Kenly Kato, nominated to a federal court in California, was asked about a 1995 book review in which she said neoconservative Asian Americans “internalize the dialogue of oppressors.”
Republican lawmakers grilled a Biden judicial pick on Tuesday, asking the Japanese American judge if affirmative action is akin to racial discrimination and bringing up a book review she wrote as a law student.
U.S. Magistrate Judge Kenly Kato, nominated for a seat on the U.S. District Court for the Central District of California, faced intense questioning about an article she wrote in 1995 when she was 23 and attending Harvard Law School. Part of the review, which Kato co-authored, says neoconservative Asian Americans “internalize the dialogue of oppressors, believing in the values of the status quo and condemning the activism of their group.”
Sen. Chuck Grassley, R-Iowa, asked Kato if she still believed that sentiment. The judge said she “had no idea what we were trying to convey.”
Kato declined NBC Asian America’s request for comment.

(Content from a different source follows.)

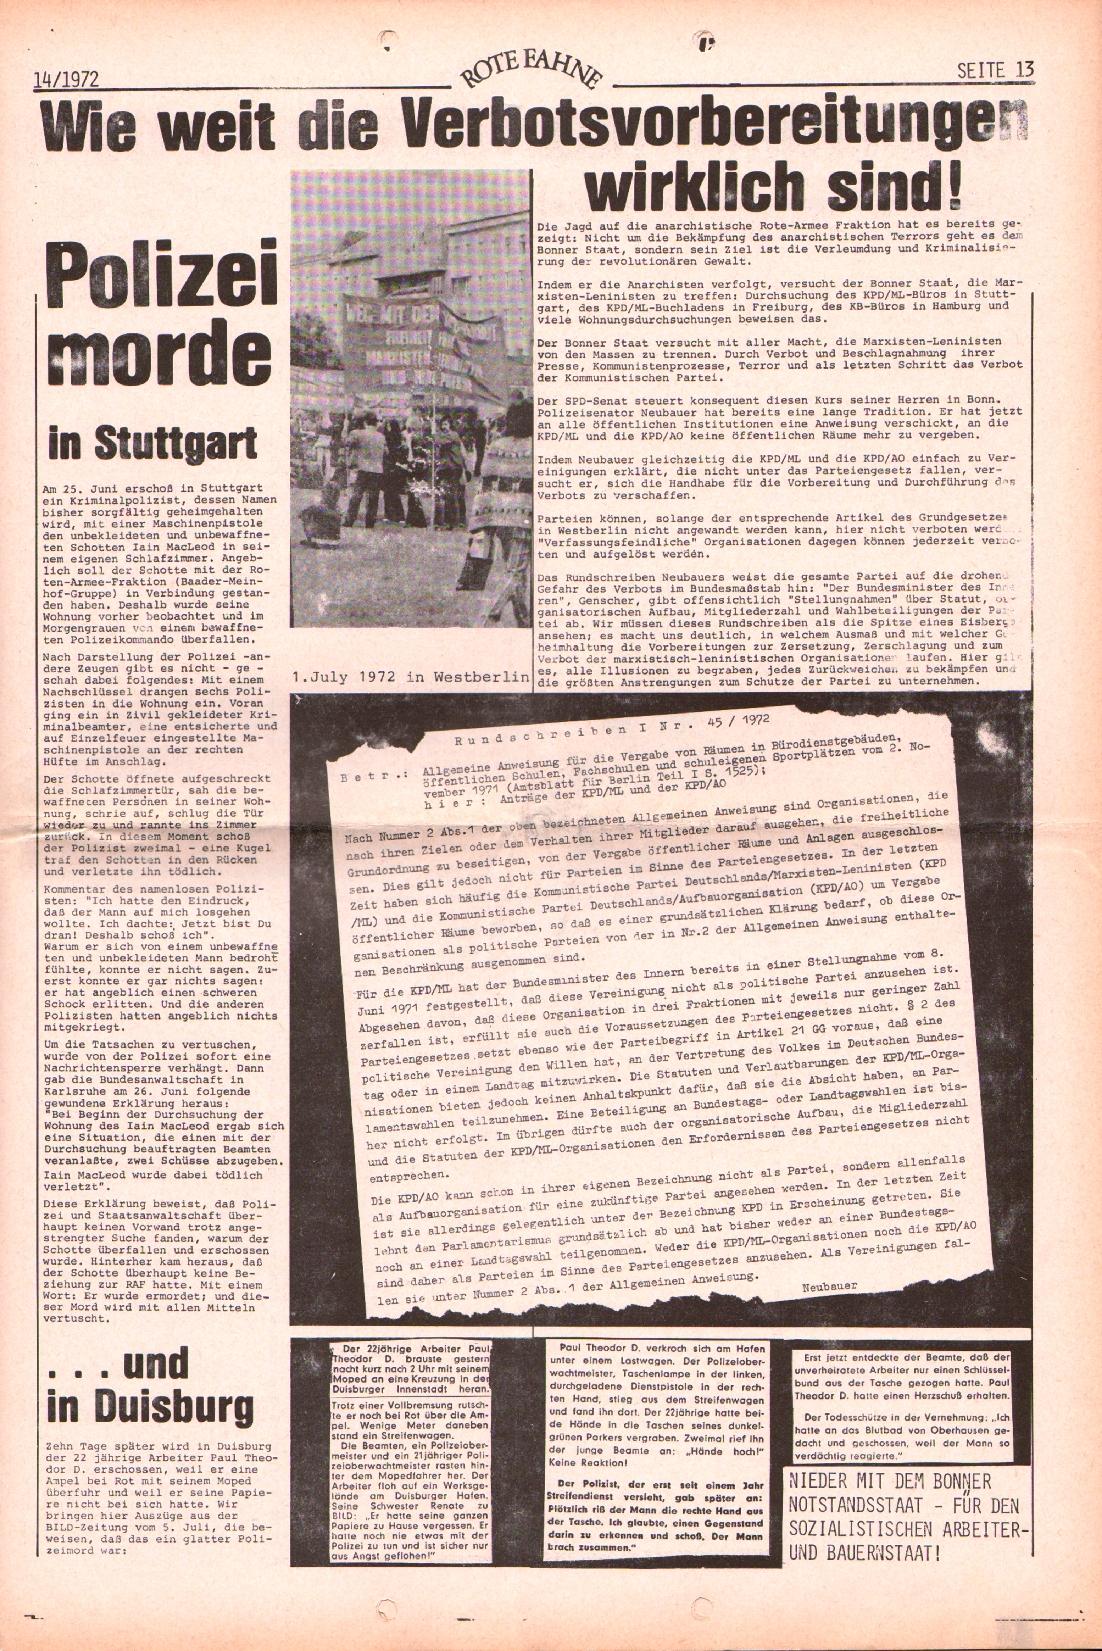 Rote Fahne, 3. Jg., 10.7.1972, Nr. 14, Seite 13

The topic of the article was revived by Sen. Ted Cruz, R-Texas, who prefaced his exchange with Kato by asking, “Is racial discrimination wrong?”
“Our Constitution prohibits discrimination on the basis of race,” Kato responded. “As a judge, I don’t deal with issues of morality”
Cruz said that Kato’s writing as a student conveyed that “to be sufficiently woke, an Asian American must support policies that discriminate against Asian Americans.” He referred to a lawsuit against Harvard — now to be heard by the Supreme Court — alleging that the university’s diversity initiatives discriminate against Asian undergraduates.
Asian American civil rights activists have cautioned against making this argument, saying that framing affirmative action as anti-Asian bias is “dangerous.”